There were no changes in the Company’s internal control over financial reporting during the fourth quarter of
fiscal 2023 that have materially affected, or are reasonably likely to materially affect, the Company’s internal
control over financial reporting.

ITEM 9B. OTHER INFORMATION

Securities Trading Plans of Directors and Executive Officers

During the fiscal quarter ended December 30, 2023, none of the Company’s directors or officers, as defined in
Section 16 of the Exchange Act, adopted, modified, or terminated any contract, instruction or written plan for the
purchase or sale of Company securities that was intended to satisfy the affirmative defense conditions of Rule
10b5-1(c) or any “non-Rule 10b5-1 trading arrangement” as defined under Item 408(a) of Regulation S-K.

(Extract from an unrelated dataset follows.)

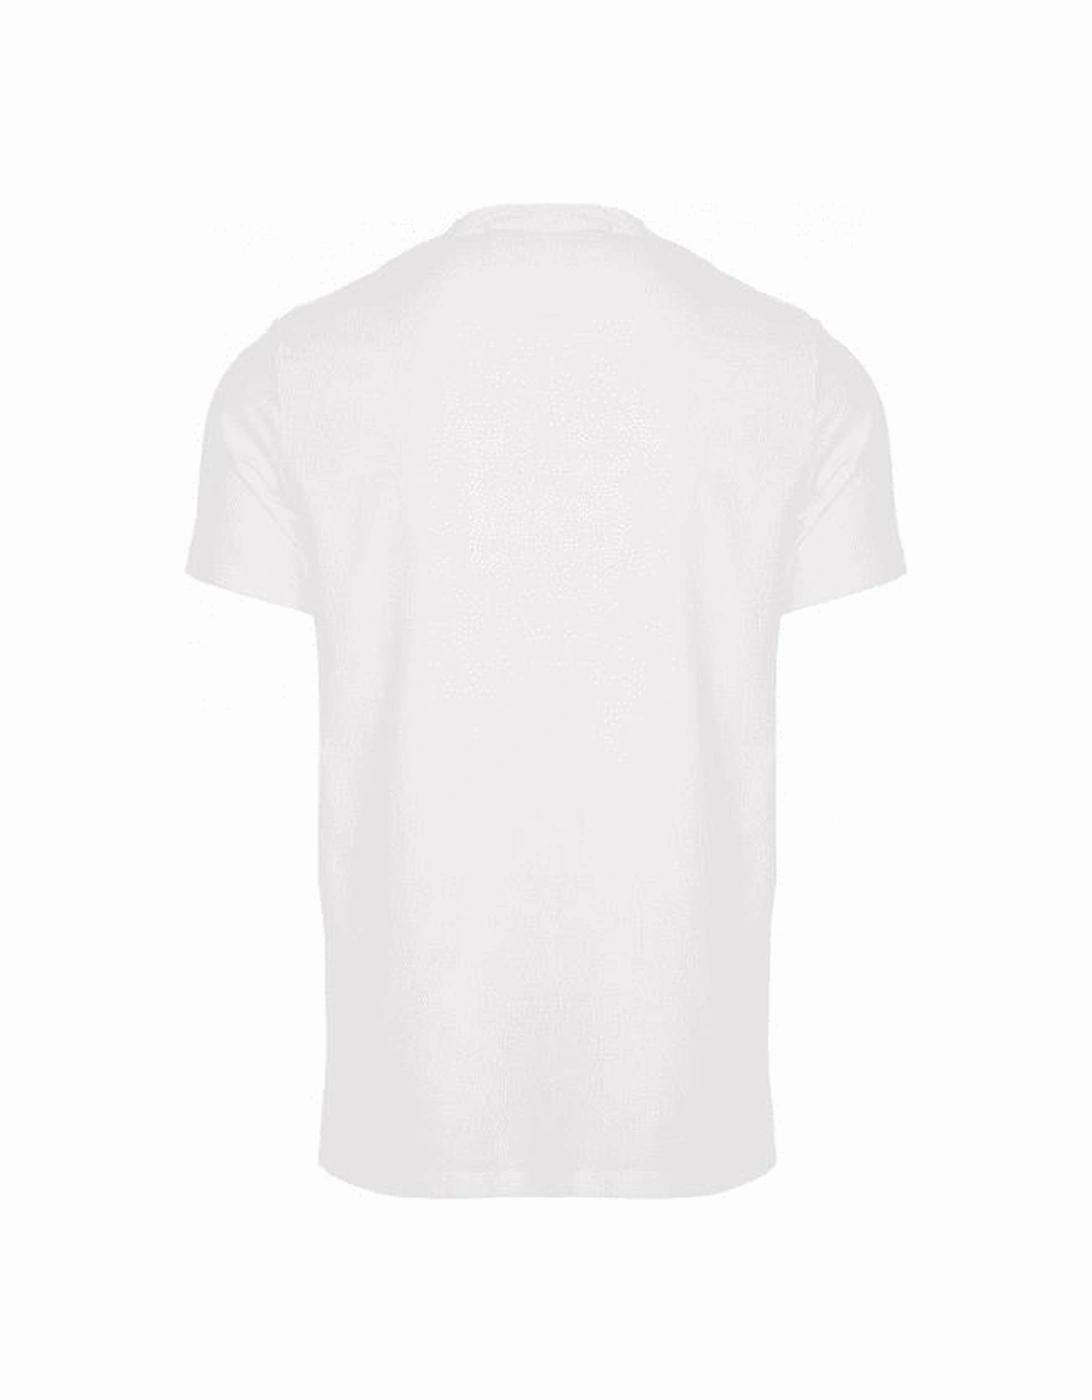 Cotton Vertical Logo White T-Shirt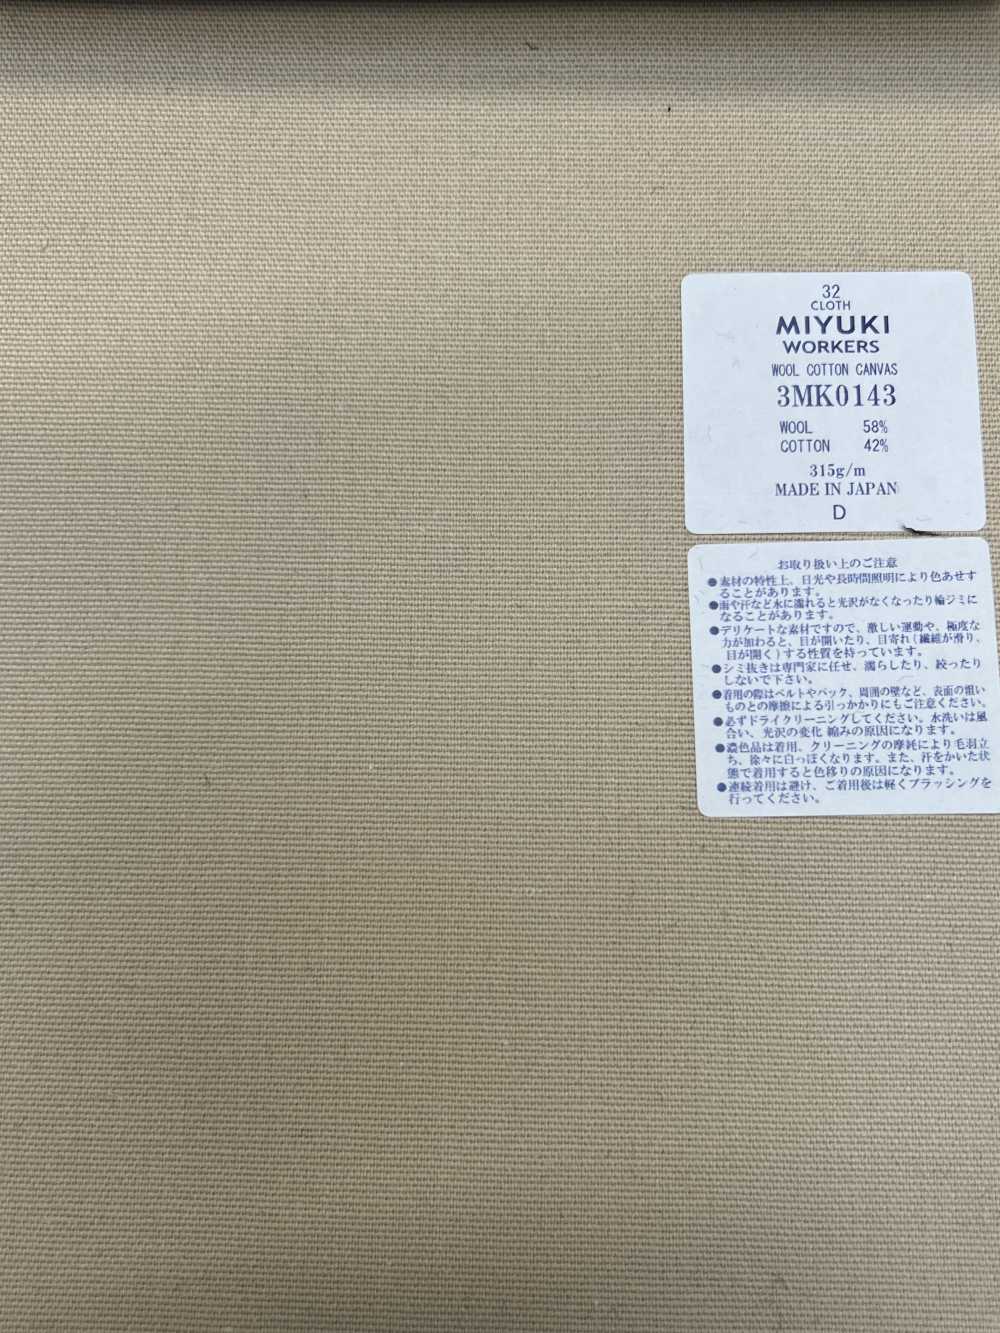 3MK0143 MIYUKI CREATIVE WORKERS 羊毛棉帆布淺棕色[面料] 美雪敬織 (Miyuki)

Consulting Agreement with Former Executive Officer

In its Current Report on Form 8-K filed with the SEC on January 12, 2024, the Company announced that Brian
Lynch, President and Chief Operating Officer, will retire on March 1, 2024 (the “Retirement Date”). In
connection with Mr. Lynch’s retirement, the Company and Mr. Lynch have entered into a Consulting Services
Agreement dated February 21, 2024 (the “Consulting Agreement”), pursuant to which Mr. Lynch will serve as a
consultant to the Company following the Retirement Date to support the planned transition in leadership. The
Consulting Agreement provides for, among other things: (i) a term of twelve months beginning on March 1, 2024
and concluding on February 28, 2025 (the “Consulting Period”); and (ii) a consulting fee of $125,000 per month
payable by the Company to Mr. Lynch for the consulting services provided to the Company during the
Consulting Period, which consulting services are to include advisory services and consultations with executive
officers and other management personnel of the Company. The foregoing description of the Consulting
Agreement is not complete and is subject to and qualified in its entirety by the complete text of the Consulting
Agreement, which is filed herewith as Exhibit 10.10 and incorporated herein by reference.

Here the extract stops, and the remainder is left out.